TABLE 4 correlation coefficient between detection methods in Total sample
Figure BDA0001611977390000073
TABLE 5 correlation coefficient between detection methods in subsamples
Figure BDA0001611977390000074
Figure BDA0001611977390000081
As can be seen from tables 4 and 5, the correlation coefficient between the PRR method and the ROR method is close to 1, i.e., the results of the two methods are substantially consistent; the correlation coefficient of MHRA, PRR and ROR exceeds 82 percent; the correlation coefficient between IC and the other three methods is low. It can also be seen that the correlation coefficient for several method results for the subsamples is reduced compared to the total sample, especially for the IC method by approximately 8%. Therefore, the invention applies to select three methods of PRR, MHRA and IC as the detection method for classifying data.

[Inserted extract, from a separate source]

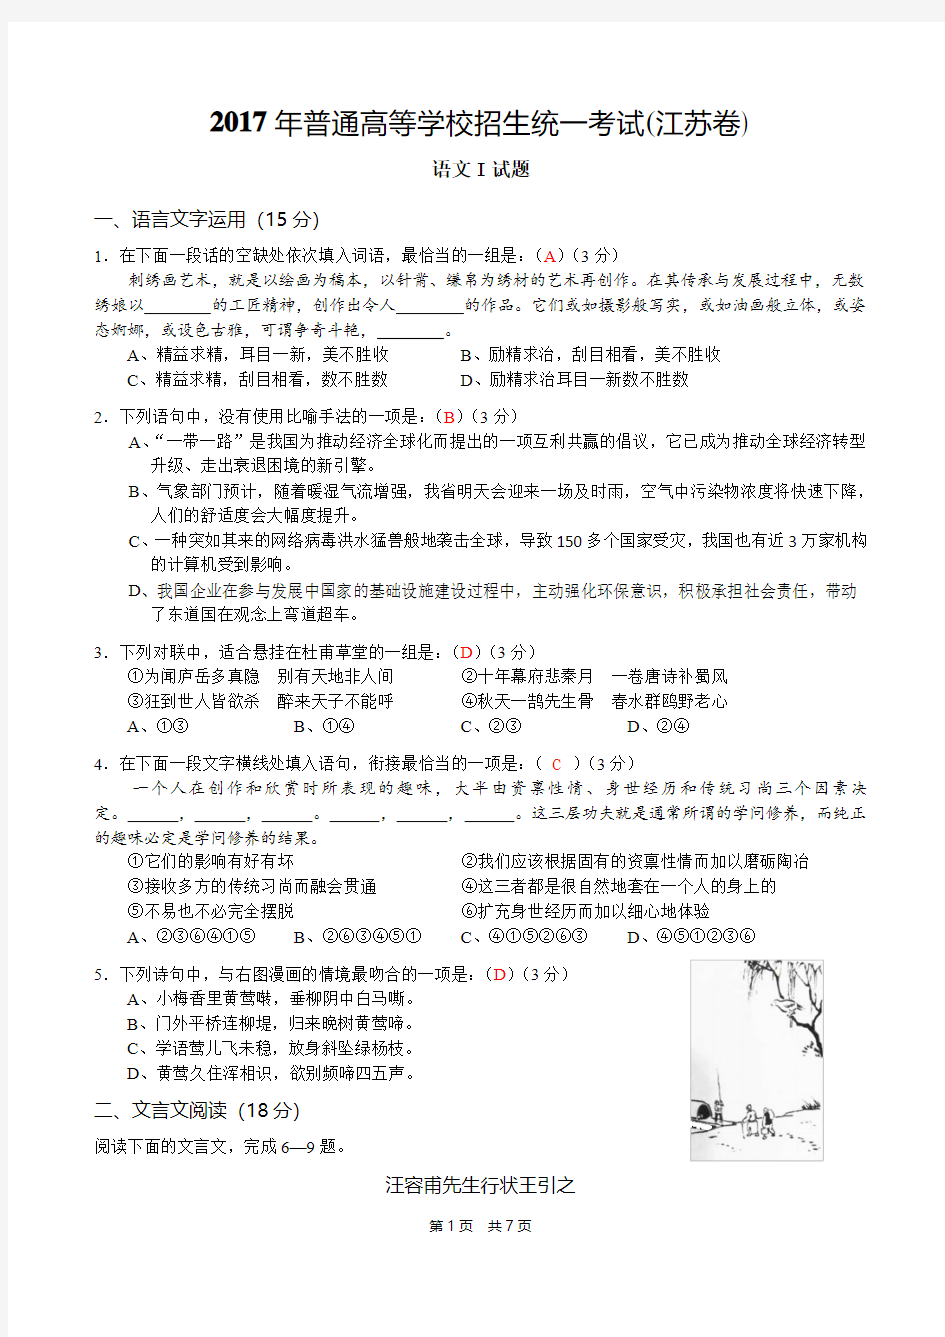 2017年江苏省语文高考试卷及答案(含附加题)

Design of 4 decision method
4.1 decision flow design
Judging the quality of the signal detection results of two samples before and after data separation, and solving the following problems: what is the flow of the decision? How effective the signal detection method is applied to two samples before and after data separation? What metrics are needed to make a decision? What influence will be produced by the signal detection result of the remaining data after the traditional Chinese medicine data is separated from the total sample? First, a flow chart of decision is given, as shown in fig. 1.
Separating the traditional Chinese medicine sample from the total sample as a sub-sample, using the residual data as a verified sample, respectively carrying out signal detection on the total sample and the sub-sample by using a detection method and a method given in analysis and selection to respectively obtain two result sets, constructing a decision method, and respectively judging the advantages and disadvantages of the two result sets to obtain a decision conclusion. And verifying the result by using the residual samples, and judging whether to accept a decision conclusion.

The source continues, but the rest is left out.